--- Listed entries ---

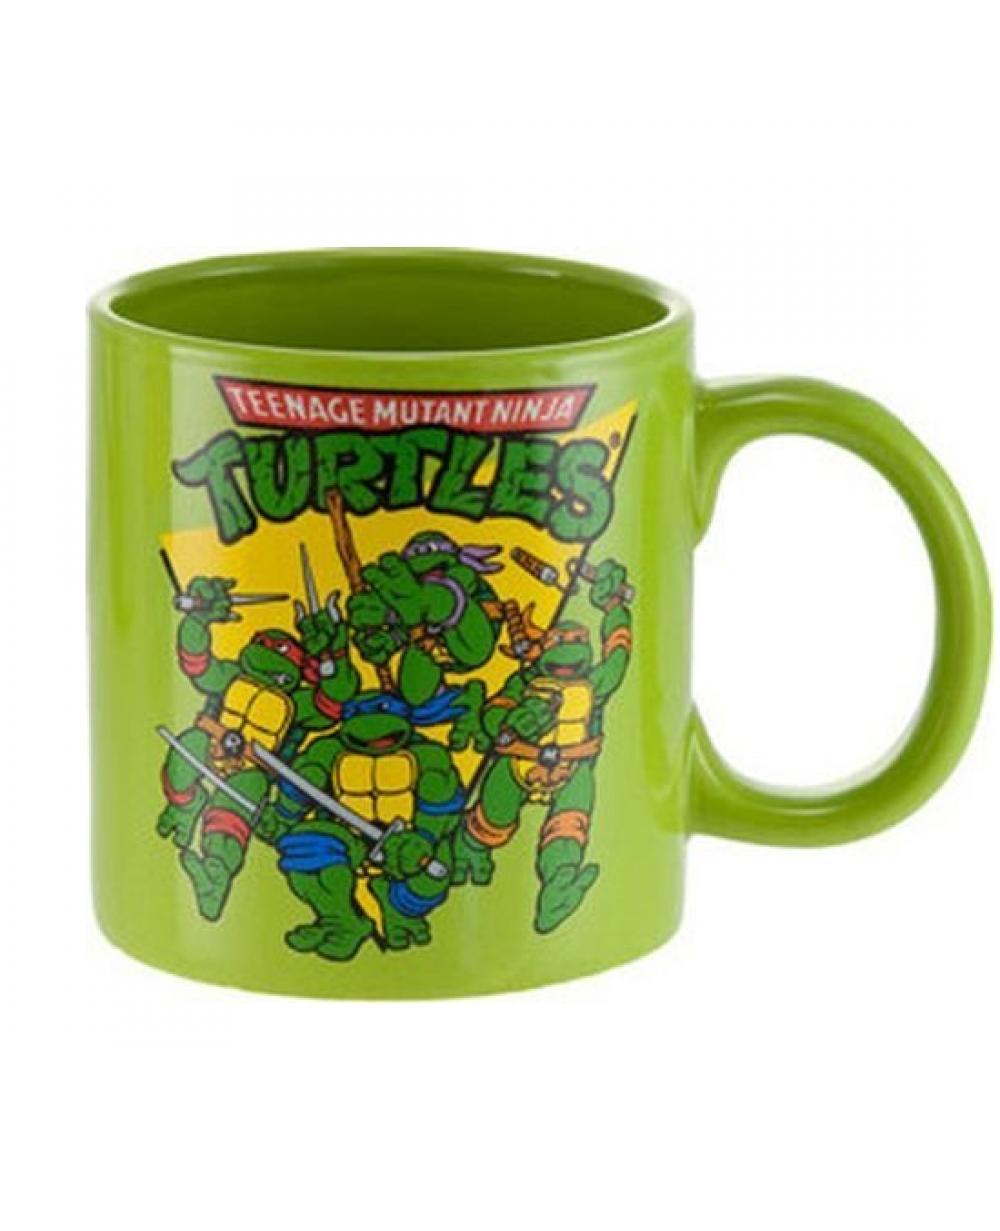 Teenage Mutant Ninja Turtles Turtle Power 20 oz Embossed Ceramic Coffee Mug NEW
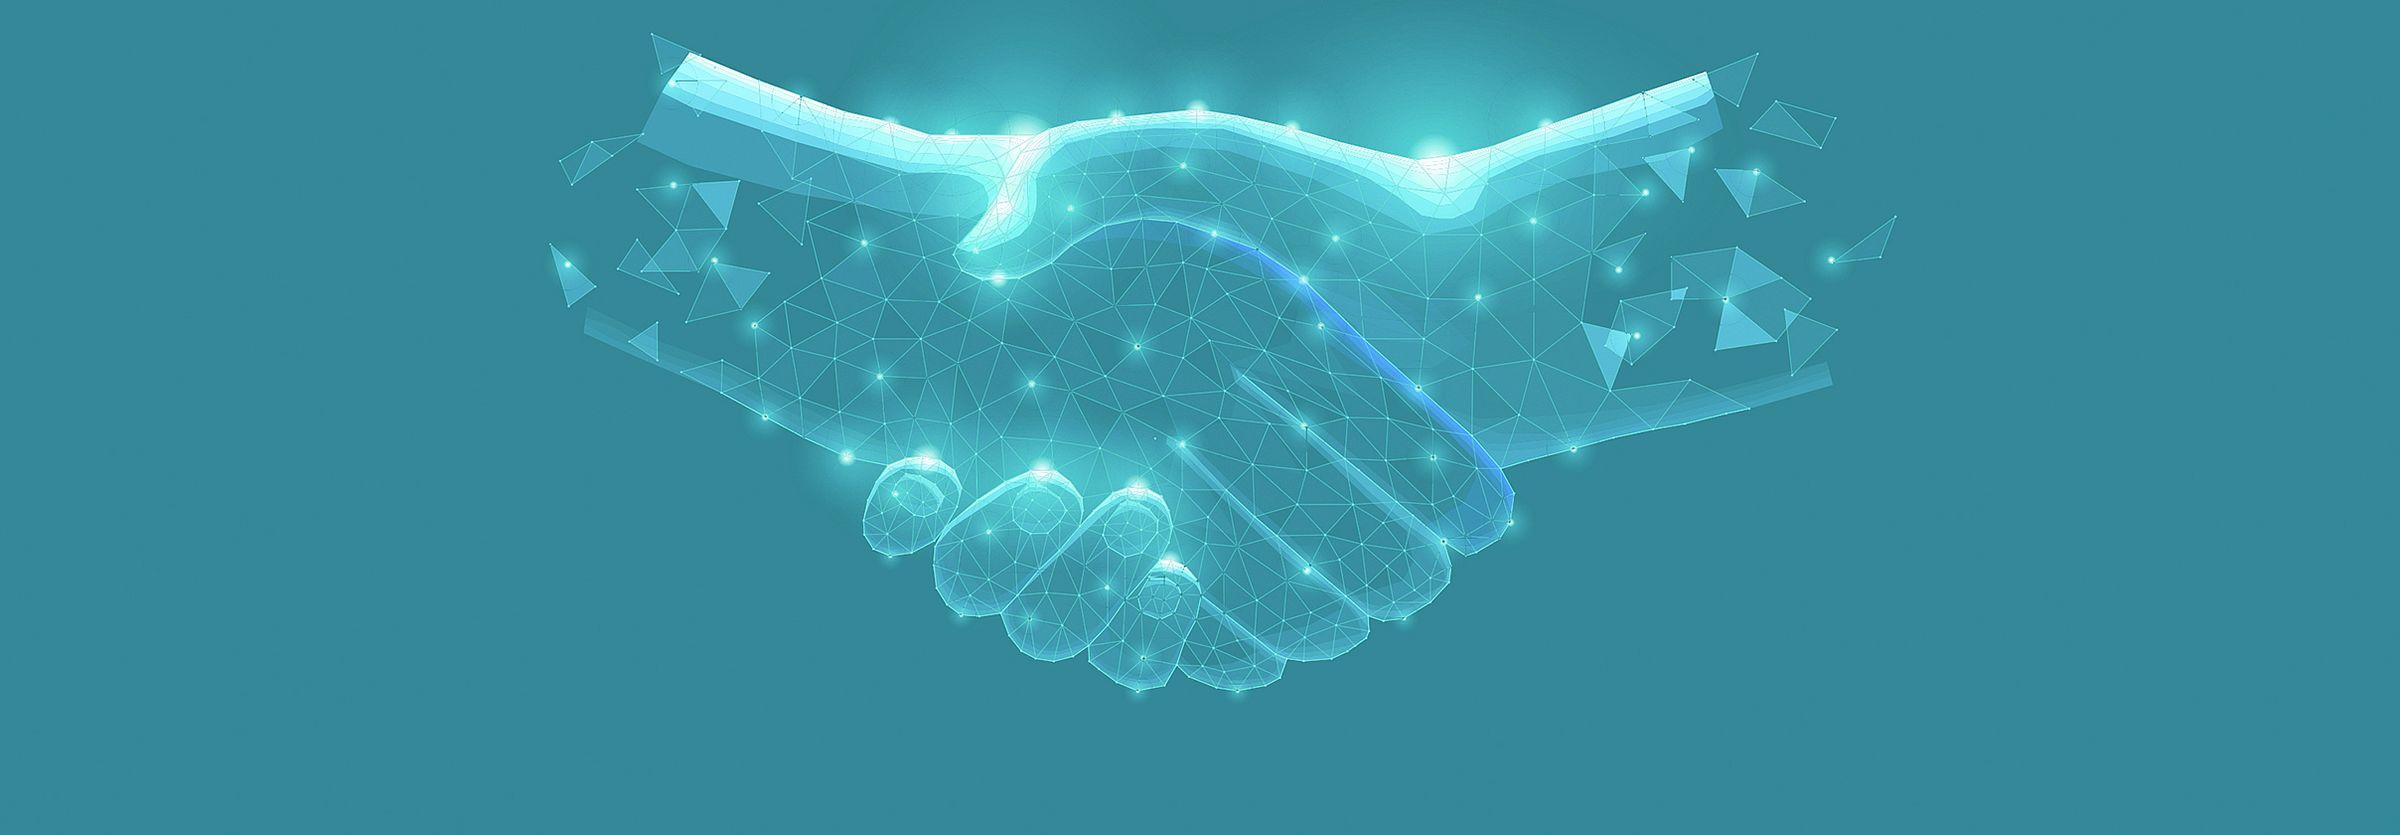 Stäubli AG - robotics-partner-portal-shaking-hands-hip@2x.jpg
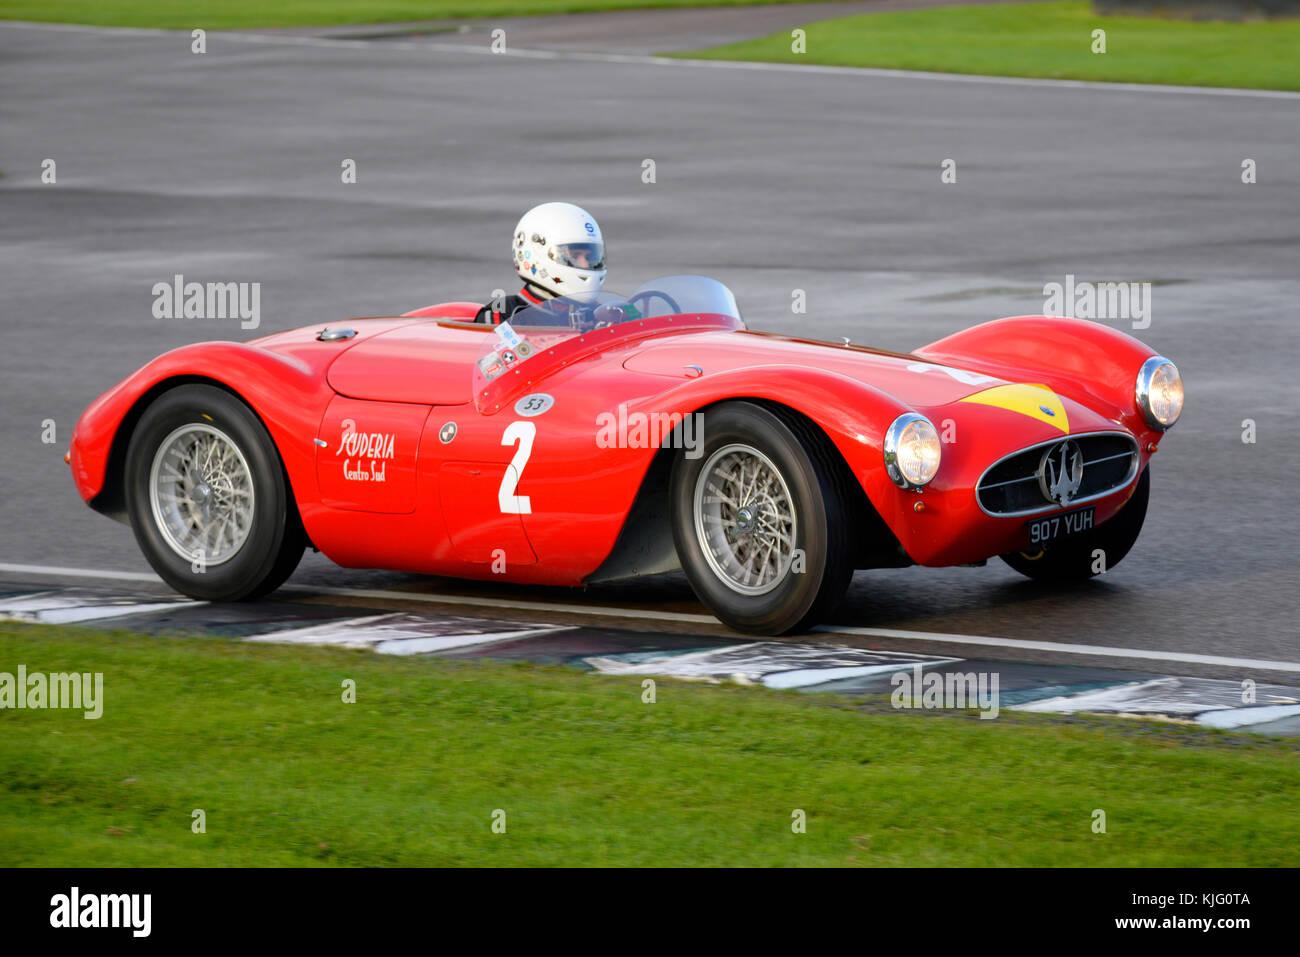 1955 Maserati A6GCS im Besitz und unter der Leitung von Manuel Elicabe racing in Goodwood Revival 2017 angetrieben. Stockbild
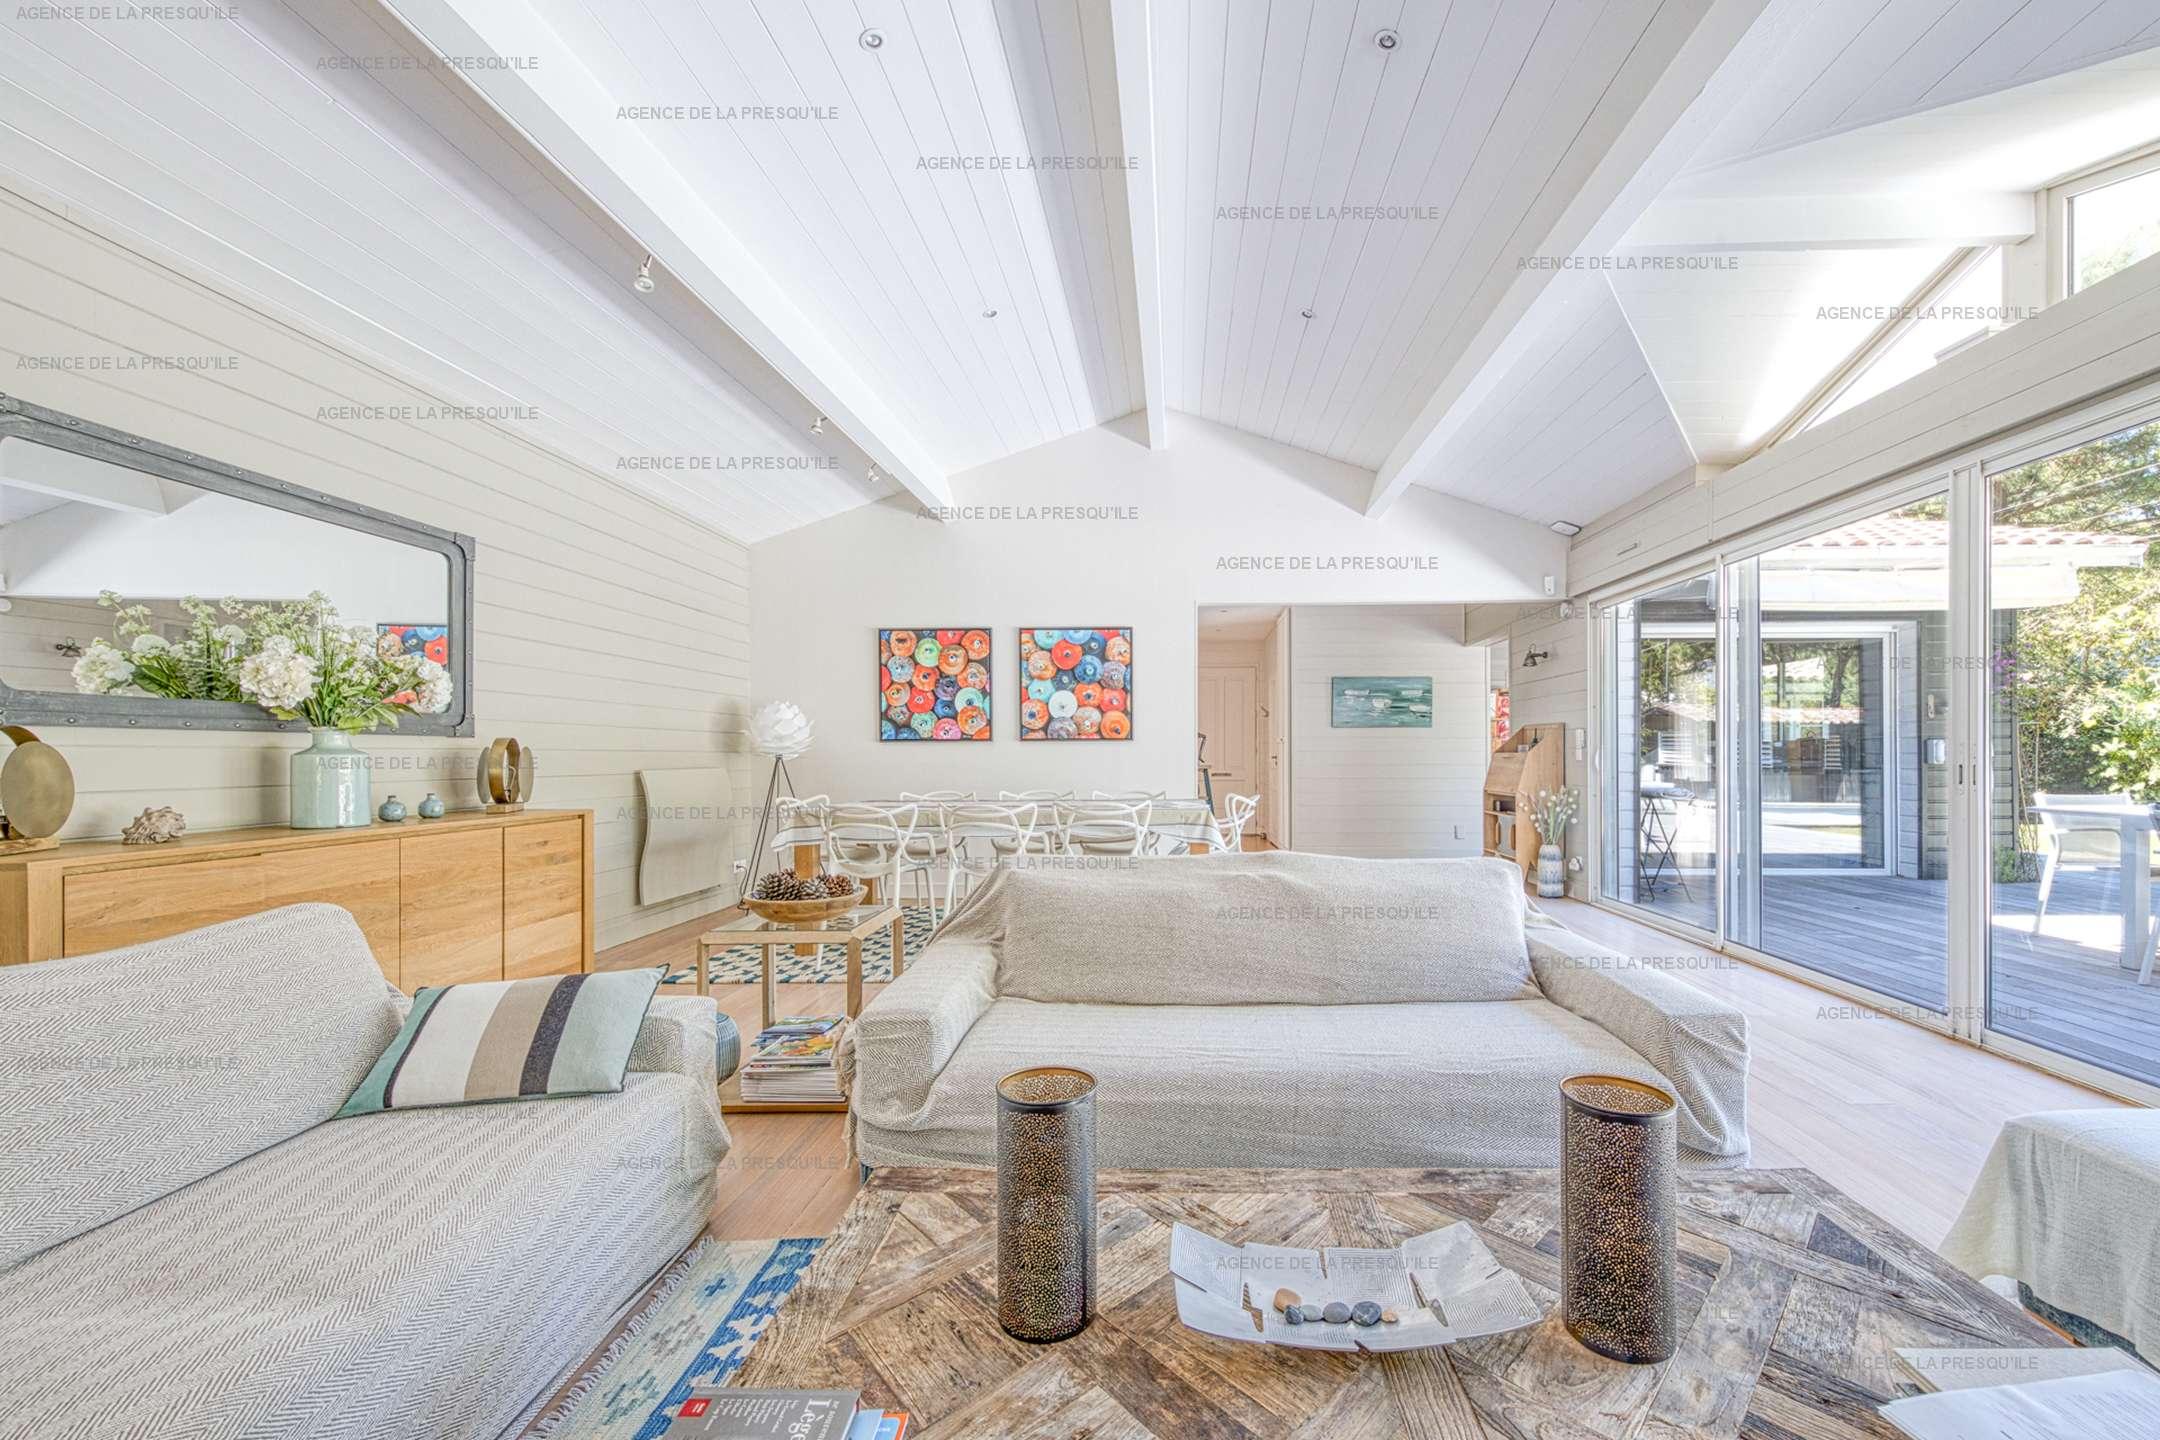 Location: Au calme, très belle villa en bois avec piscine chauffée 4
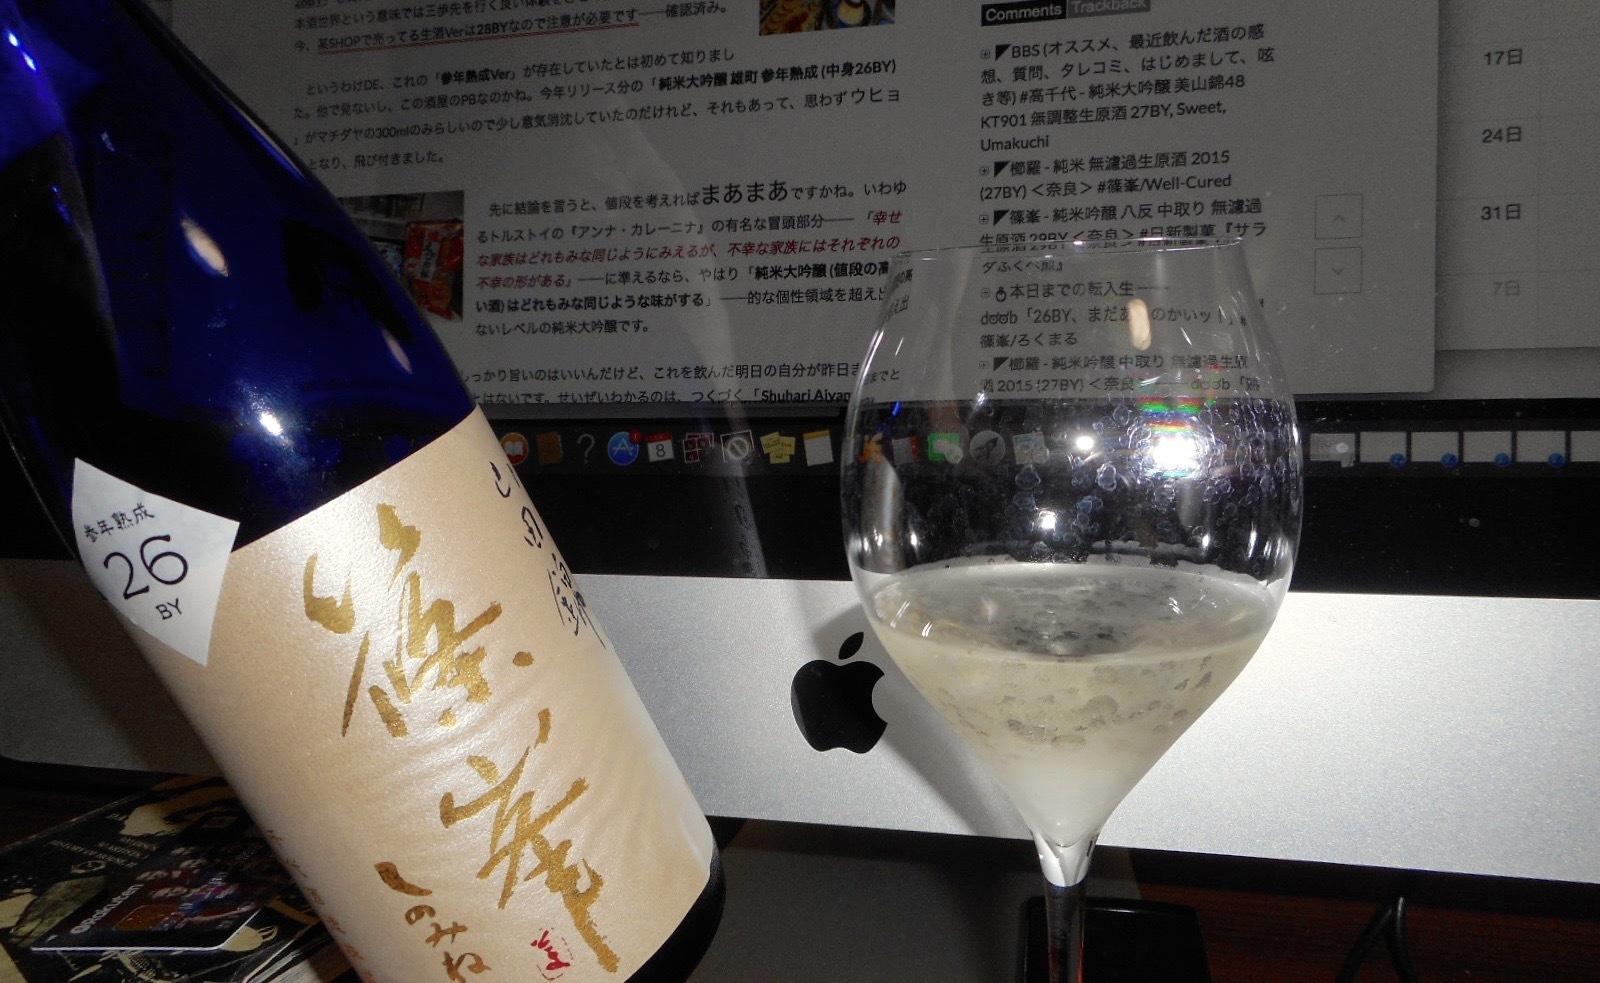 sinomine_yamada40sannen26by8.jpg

---

**What to produce**
The answer should be an exact restatement of every entry, with the pictures omitted.

**Solution for this task**
 Teenage Mutant Ninja Turtles Turtle Power 20 oz Embossed Ceramic Coffee Mug NEW
 Stäubli AG - robotics-partner-portal-shaking-hands-hip@2x.jpg
 1955 Maserati A6GCS im Besitz und unter der Leitung von Manuel Elicabe racing in Goodwood Revival 2017 angetrieben. Stockbild
 Location: Au calme, très belle villa en bois avec piscine chauffée 4
 sinomine_yamada40sannen26by8.jpg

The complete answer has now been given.